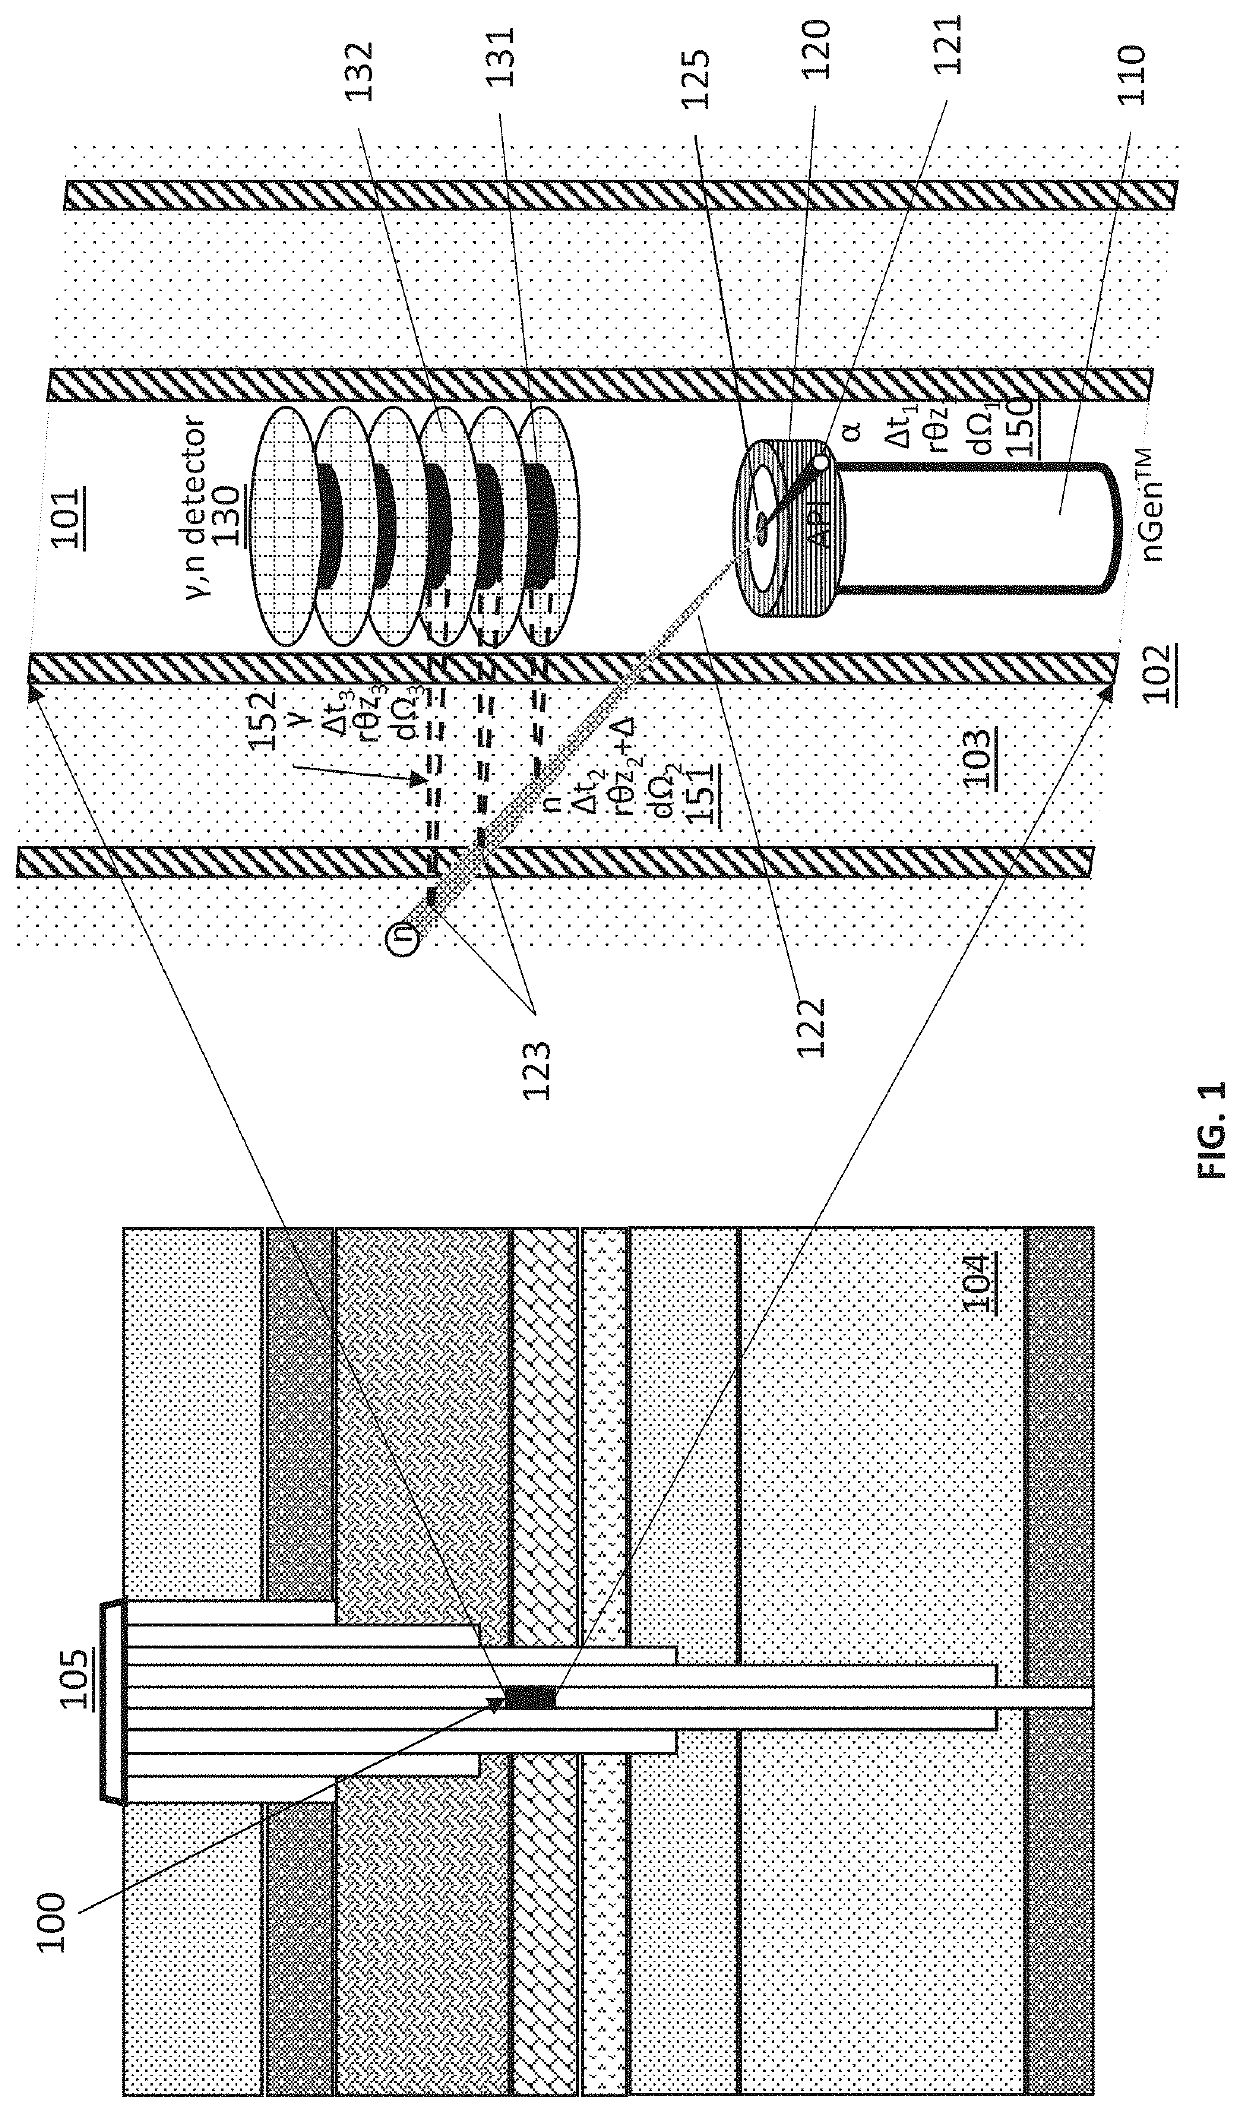 Associated particle detection for performing neutron flux calibration and imaging
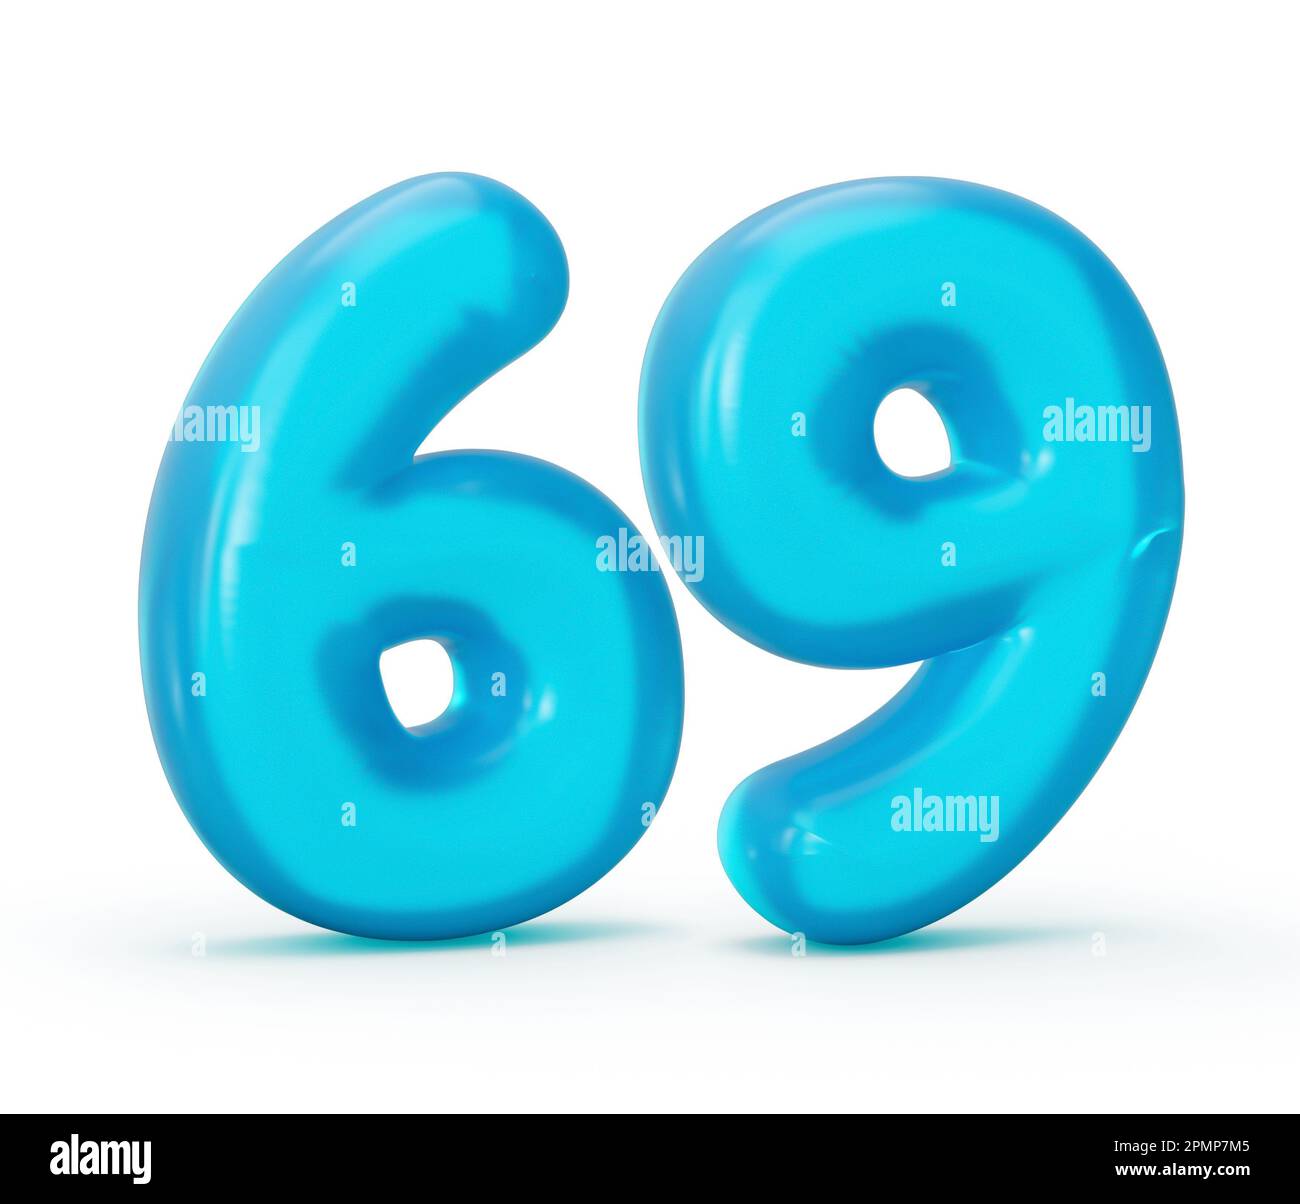 Isolated image of a blue number 69 made from liquid on a plain white background Stock Photo
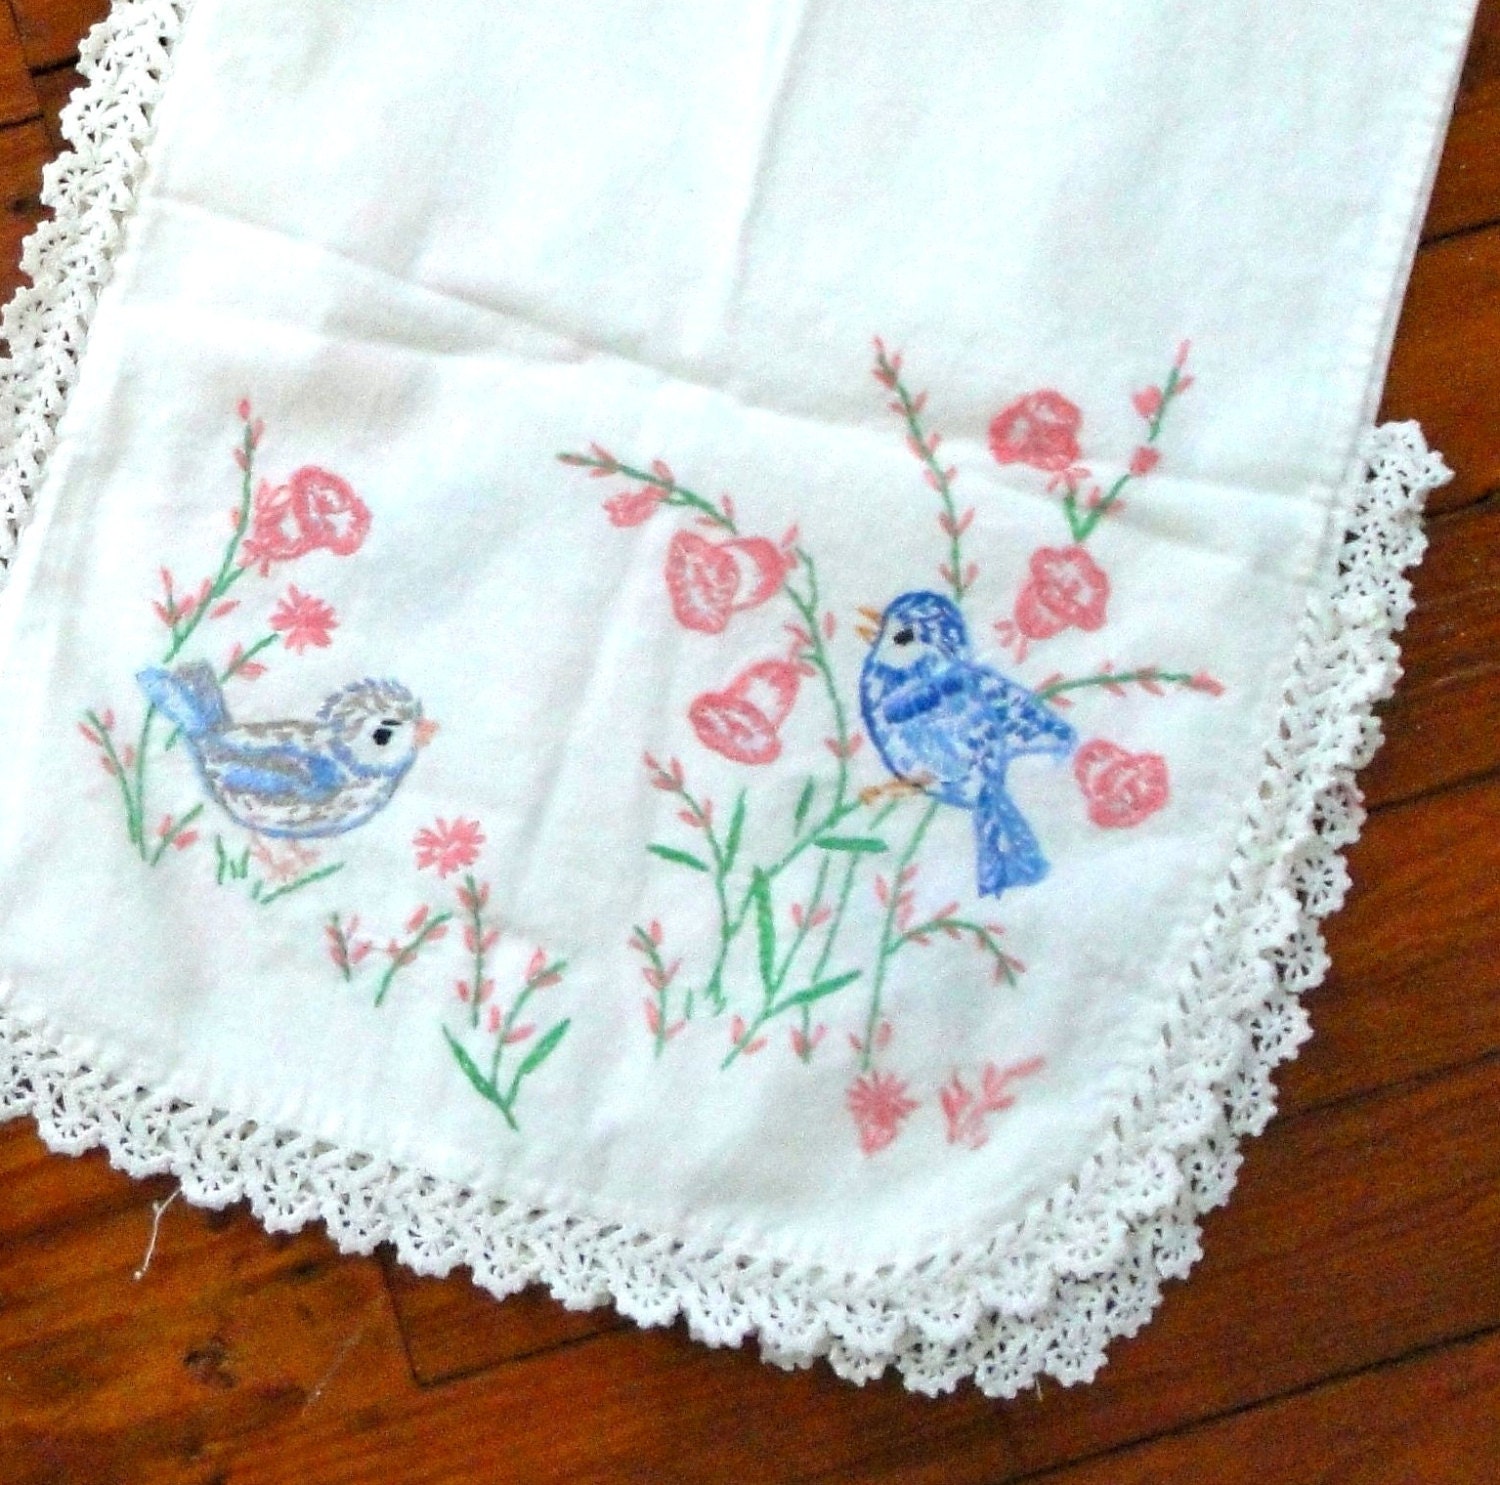 Vintage Embroidery Bird Table Runner by VintageJunkInMyTrunk
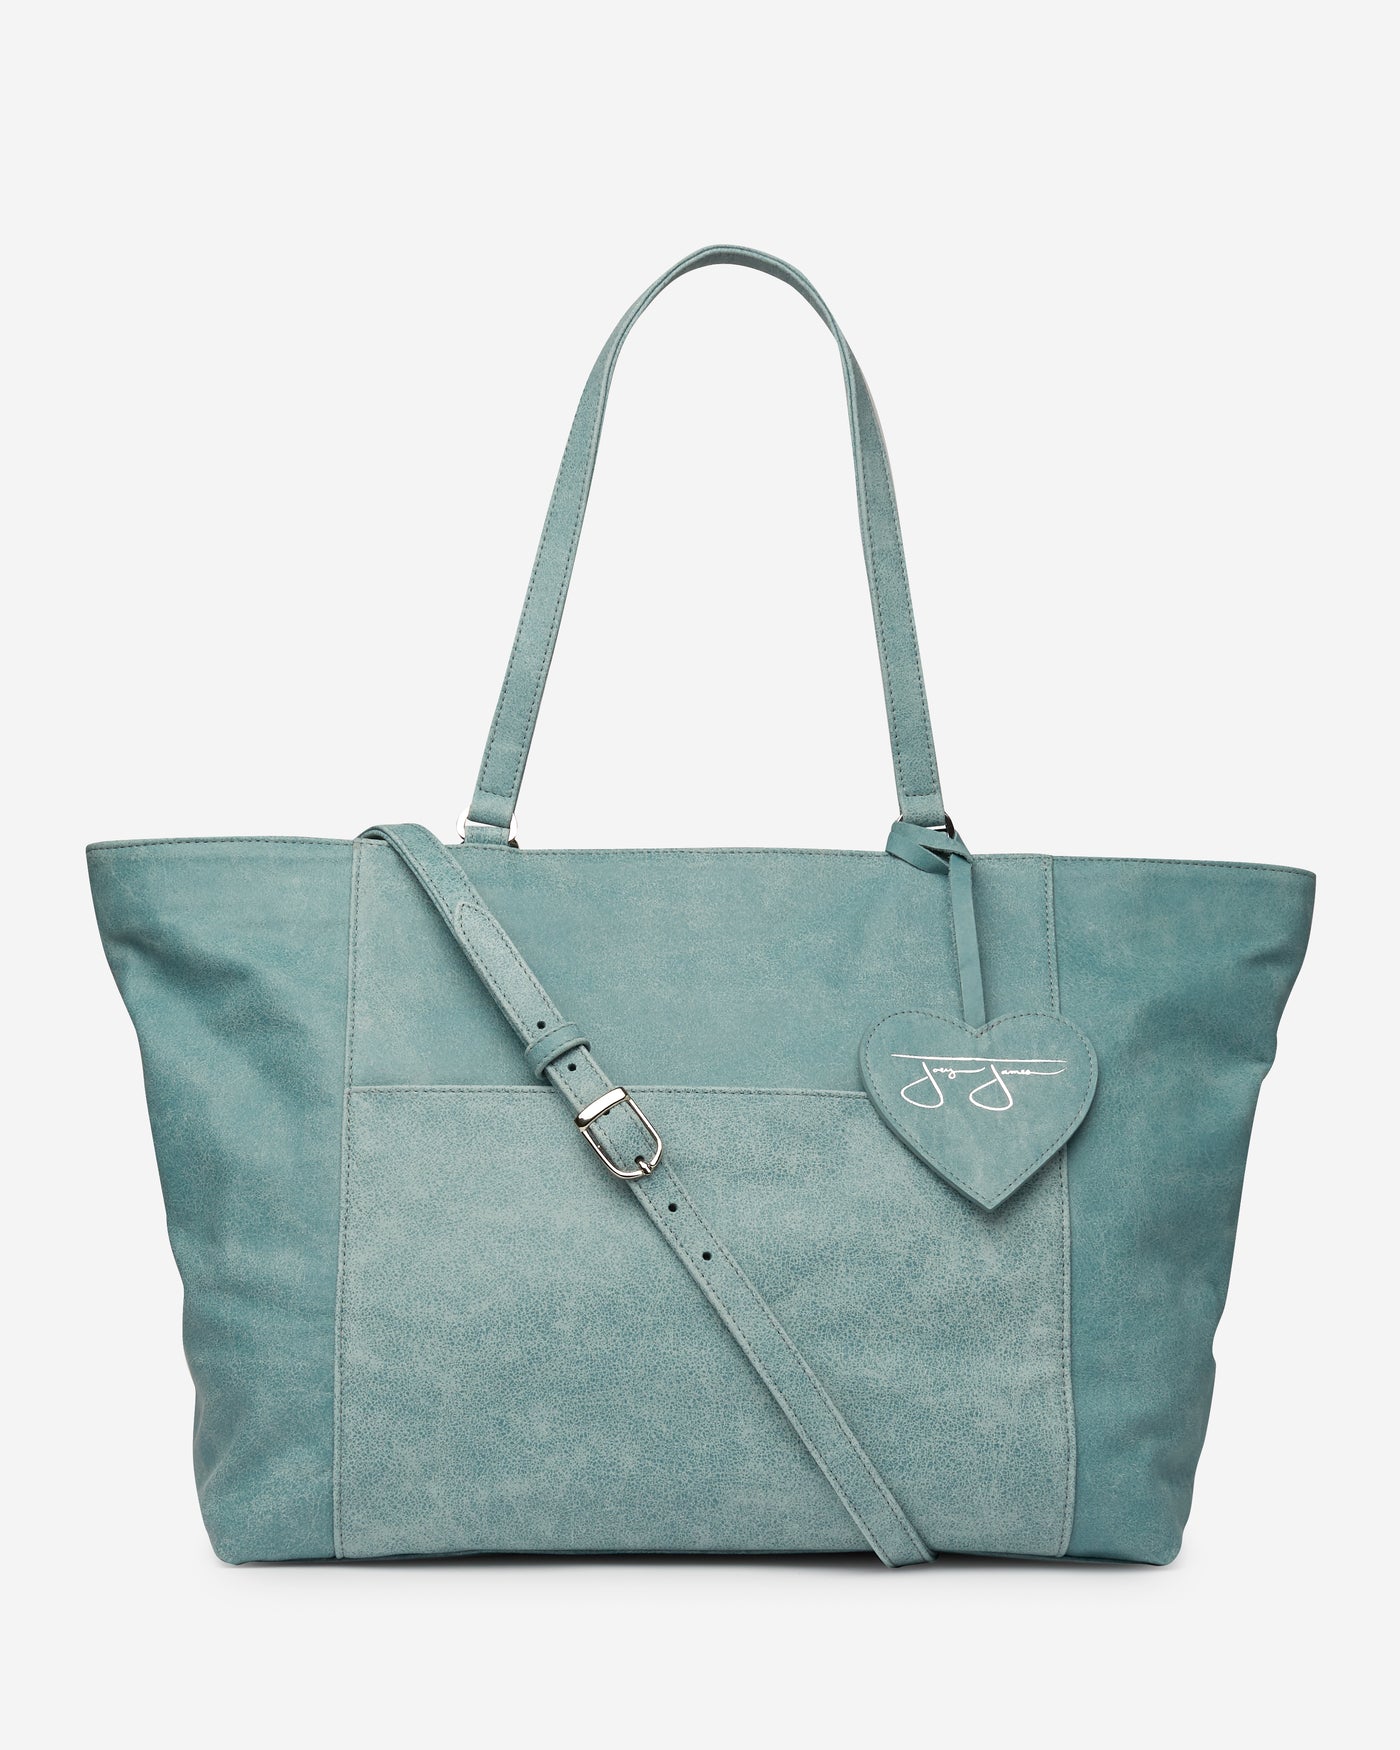 Samantha Tote - Turquoise Samantha Tote Joey James, The Label

WHAT THE TASK ASKS -
Reproduce the listing word for word and omit its pictures.

ANSWER AREA -
 Associated particle detection for performing neutron flux calibration and imaging
 Isolated image of a blue number 69 made from liquid on a plain white background Stock Photo
 Vintage Embroidery Bird Table Runner by VintageJunkInMyTrunk
 Samantha Tote - Turquoise Samantha Tote Joey James, The Label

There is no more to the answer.